И в самом деле, когда начинают съезжаться кареты и он на своих скрюченных подагрой ногах спускается им навстречу с высоких ступенек, граф и его гости небрежно бросают слугам шляпы, шубы и пальто, а его, по дворянскому обычаю, обнимают, представляют приехавшим с ними господам, как знаменитого шевалье де Сенгаль, восхваляют его литературные труды, и дамы наперерыв стараются сесть рядом с ним за столом. Еще не убраны блюда со стола, еще дымятся трубки, когда -- ведь он предвидел это -- принц справляется, как подвигается его исключительно интересное жизнеописание, и в один голос мужчины и дамы просят прочесть главу из этих мемуаров, которым, несомненно, суждено стать знаменитыми. Как отказать в исполнении желания любезнейшему из всех графов, его милостивому благодетелю. Господин библиотекарь проворно ковыляет наверх в свою комнату и выбирает из пятнадцати фолиантов один, в который заранее вложена шелковая закладка: главное и лучшее его художественное произведение, одно из немногих, не боящихся присутствия дам: описание бегства из венецианской тюрьмы. Как часто и кому только не читал он про это несравненное приключение: курфюрстам баварскому и кельнскому, собранию английских дворян и варшавскому двору; но они должны убедиться, что он рассказывает иначе, чем скучный пруссак, господин фон Тренк, наделавший столько шума своим описанием тюрем. Ибо он недавно вставил несколько выражений, несколько великолепных, поразительно сложных эпизодов и закончил превосходной цитатой из божественного Данте. Громкие аплодисменты награждают чтеца; граф обнимает его и левой рукой тайком опускает ему в карман сверток дукатов; черт возьми, он знает, куда их девать, -- если о нем и забыл весь свет, то кредиторы продолжают осаждать его даже здесь, в этом отдаленном углу. Смотрите-ка, по его щекам, в самом деле, скатывается несколько крупных слезинок, когда сама принцесса поздравляет его и все подымают бокал за скорейшее окончание блестящего произведения.

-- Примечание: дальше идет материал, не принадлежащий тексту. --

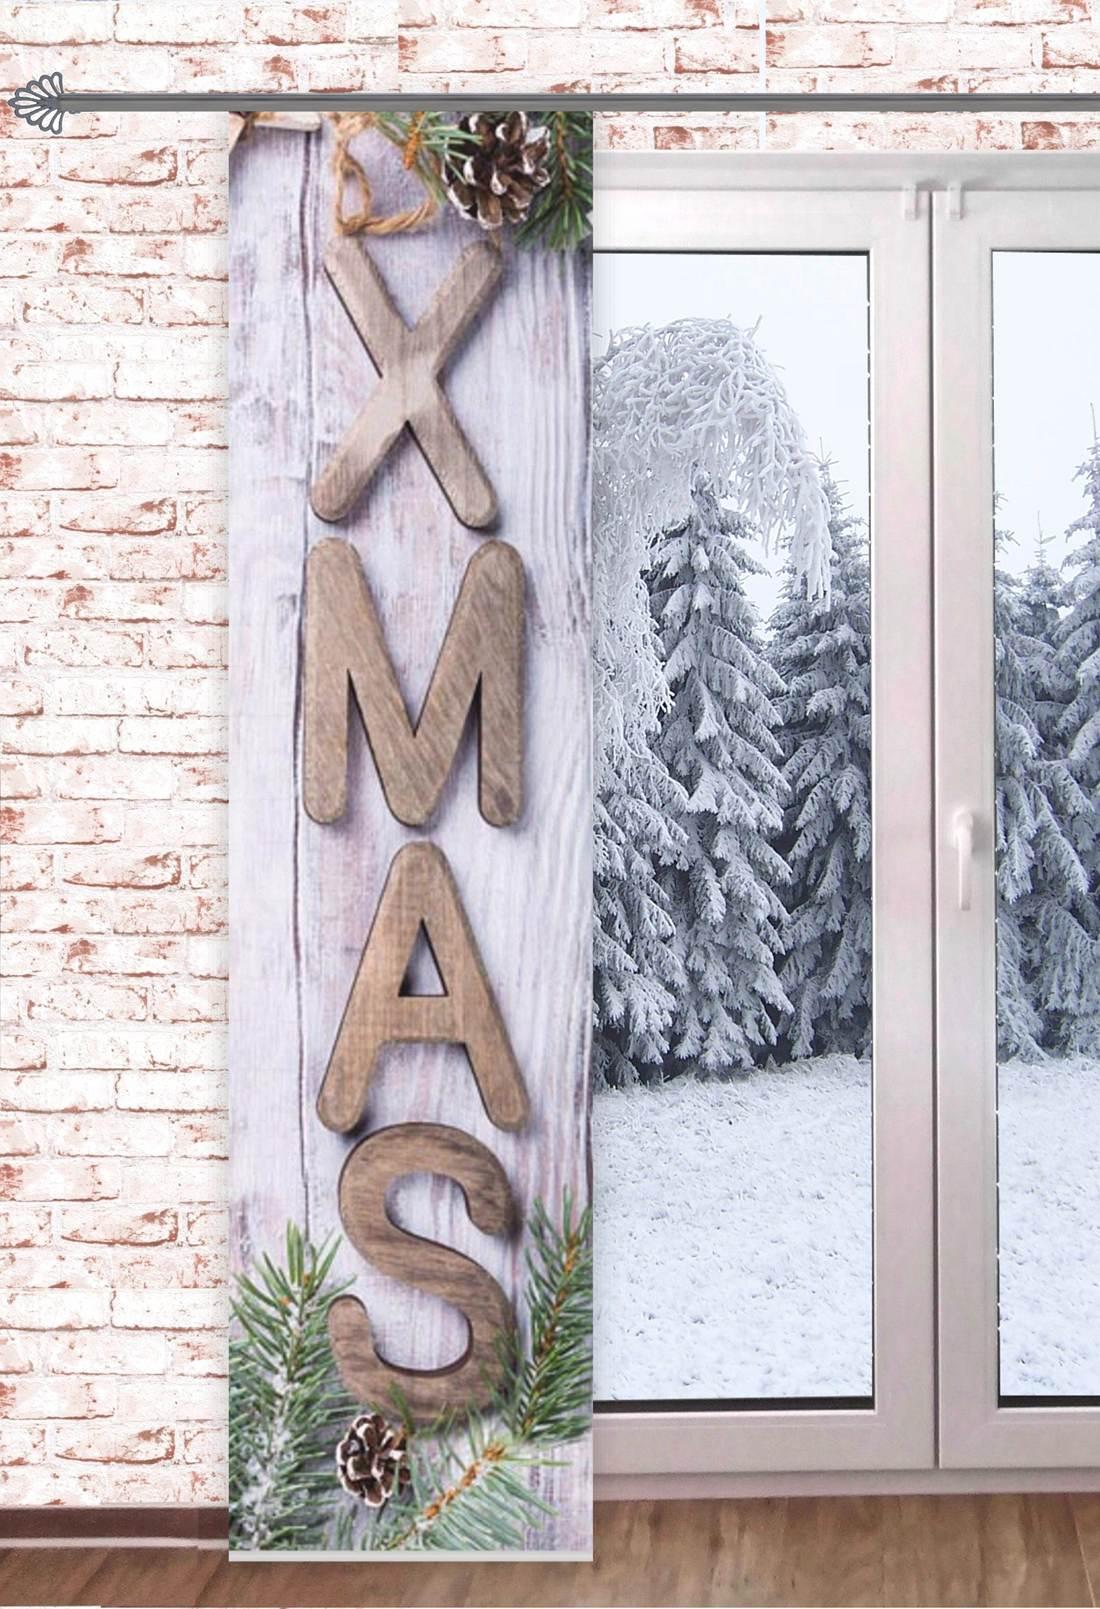 Gardinen Weihnachten.Gardinen Welt Online Shop Schiebevorhang Merry Xmas 60x245cm

Но, увы, на следующий день лошади нетерпеливо бренчат упряжью, коляски ждут у ворот, так как знатные господа отправляются в Прагу, и хоть господин библиотекарь трижды тонко намекал, что у него именно там всякие неотложные дела, тем не менее никто не берет его с собой. Он должен остаться в этом громадном, холодном, пронизанном сквозняками каменном ящике Дукса, во власти наглой богемской челяди, которая, едва улеглась пыль за колесами графской кареты, тотчас же возобновляет, растягивая рот до ушей, свои идиотские насмешки. Кругом одни варвары, -- нет человека, с которым можно было бы поговорить по-французски или по-итальянски об Ариосто 20 или Жан Жаке, а невозможно ведь все время писать одному только погрязшему в делах господину Опицу 21 в Часлоу да нескольким любезным дамам, удостаивающим еще поддерживать с ним переписку. Как серый дым, тускло и сонливо обволакивает скука нежилые комнаты, и забытая вчера подагра с удвоенной злобой терзает ноги. Угрюмо снимает Казанова придворный костюм и согревает зябнущие кости плотным шерстяным турецким халатом; угрюмо плетется он к последнему убежищу воспоминаний -- к письменному столу: очинённые перья ждут рядом с горкой чистых листов in folio [Формат издания книги или журнала в 1/2 бумажного листа. (Прим. ред.)], в ожидании шуршит бумага. И вот он садится, вздыхая, и пишет дрожащей рукой все дальше и дальше -- благословим же подгонявшую его скуку! -- историю своей жизни.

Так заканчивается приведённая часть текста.